----- Source data

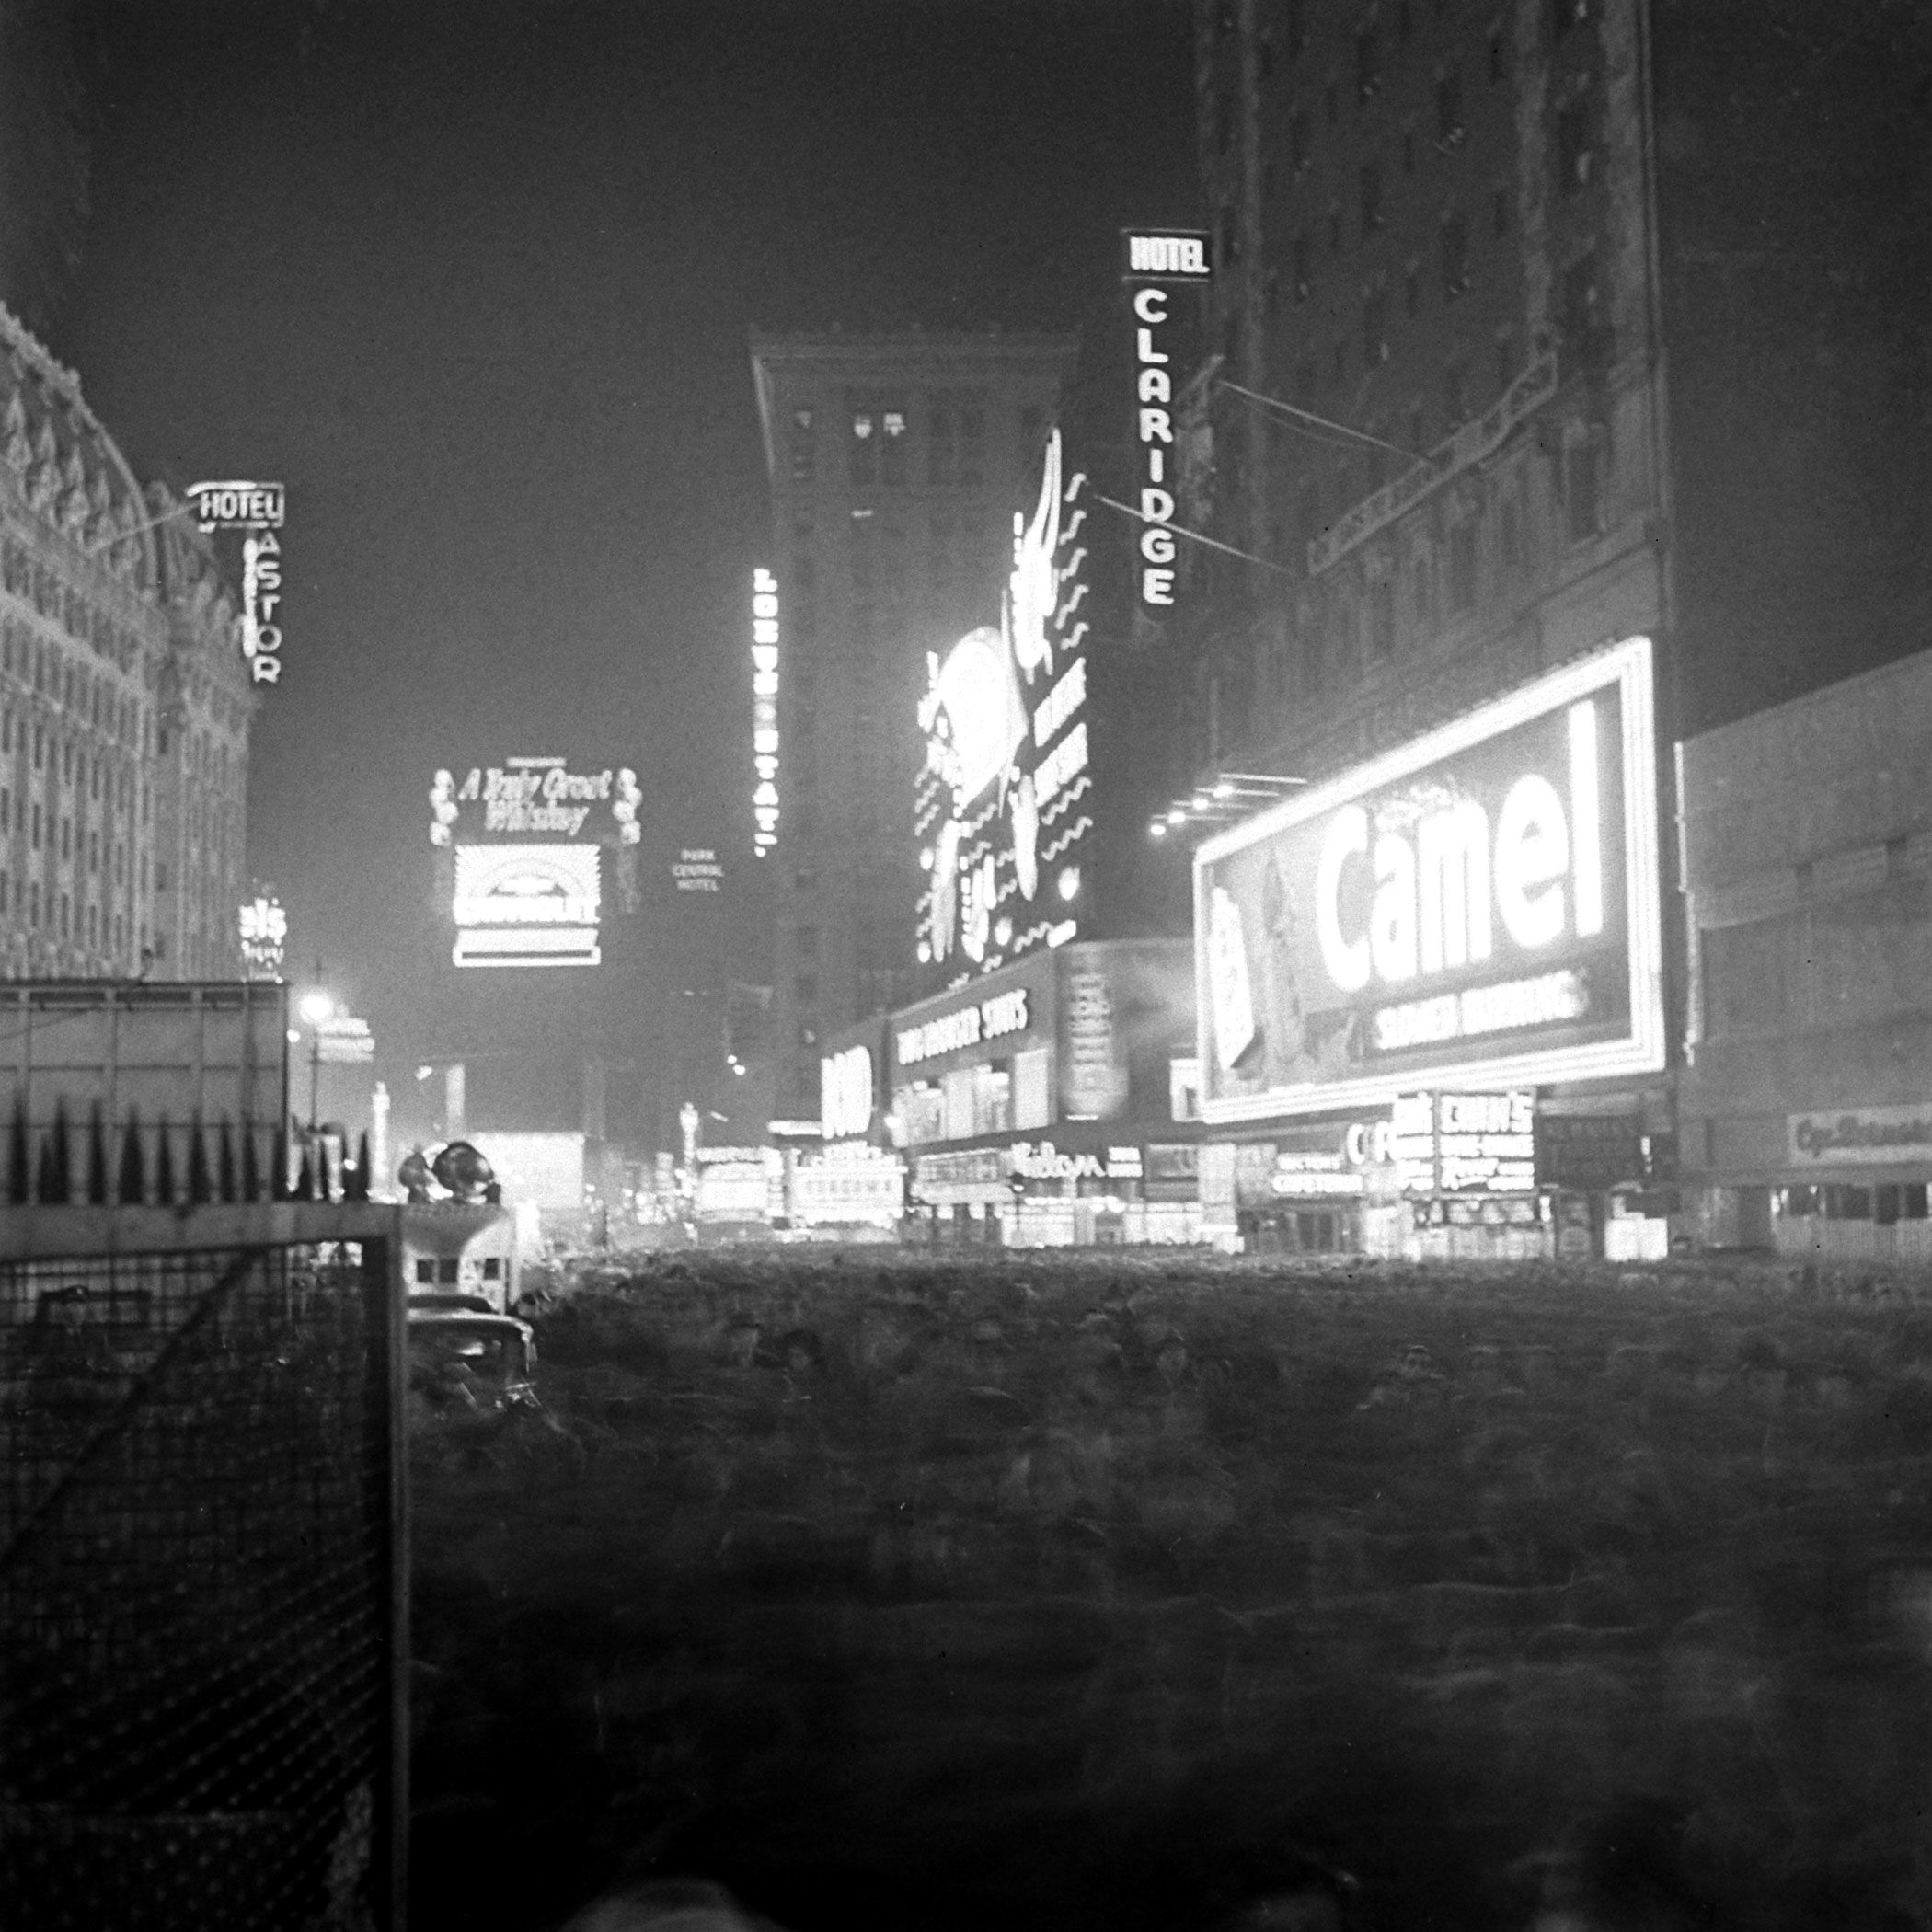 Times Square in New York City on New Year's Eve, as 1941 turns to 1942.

----------
----- Source data

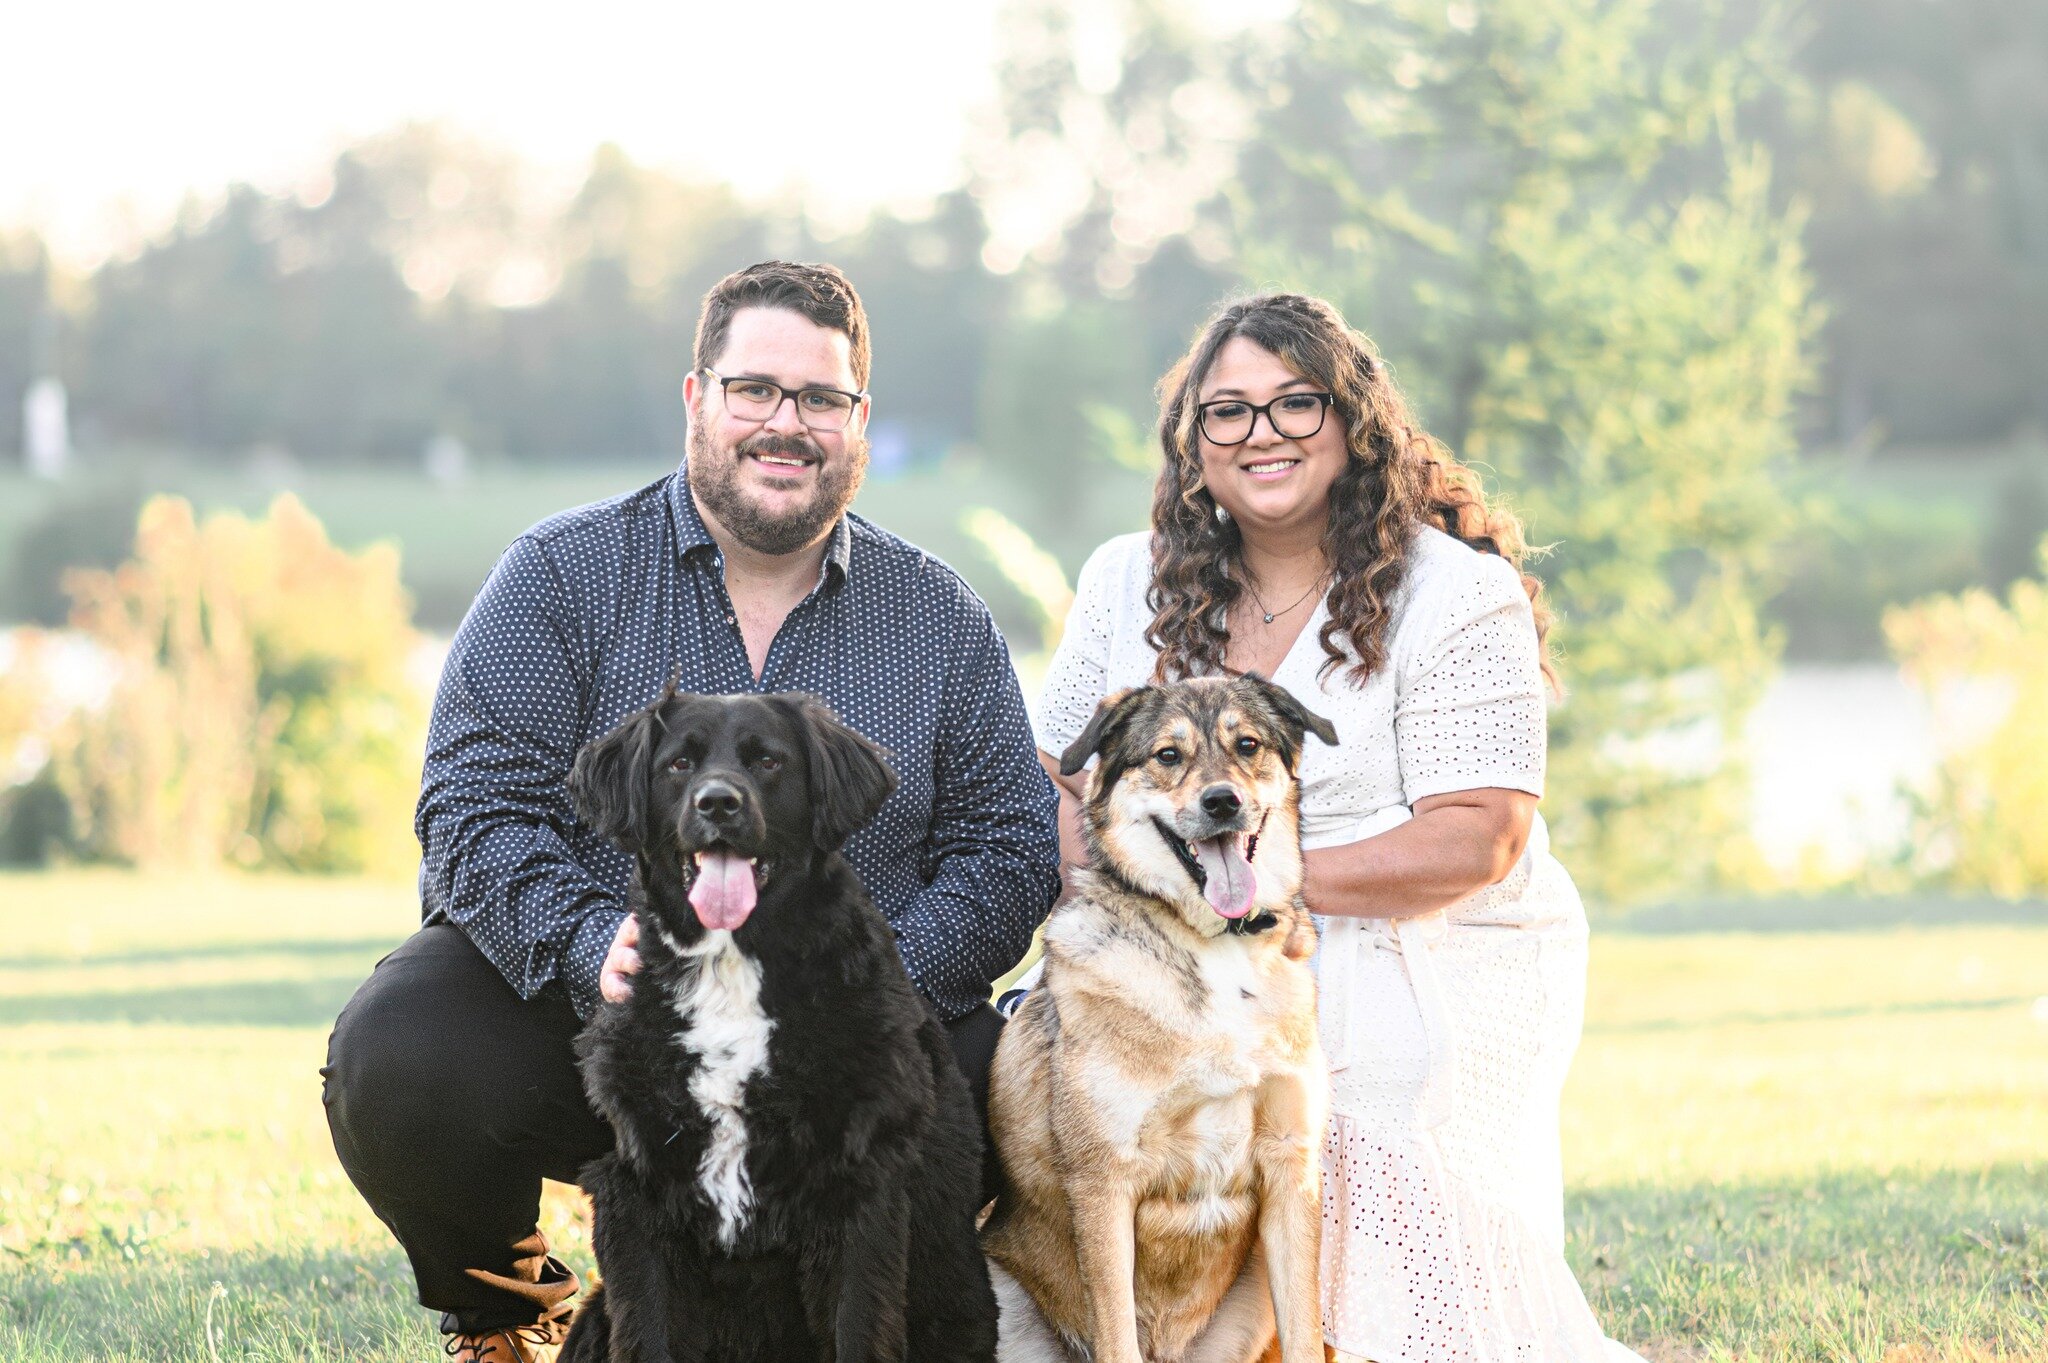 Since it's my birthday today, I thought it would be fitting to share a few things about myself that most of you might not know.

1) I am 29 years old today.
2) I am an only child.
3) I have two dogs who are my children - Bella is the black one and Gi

----------

■ Exercise objective
Every line from the line containing "2) I am an only child." through the line containing "3) I have two" in the records above must be retyped exactly. Leave out the rest.

■ Solution to the problem
2) I am an only child.
3) I have two dogs who are my children - Bella is the black one and Gi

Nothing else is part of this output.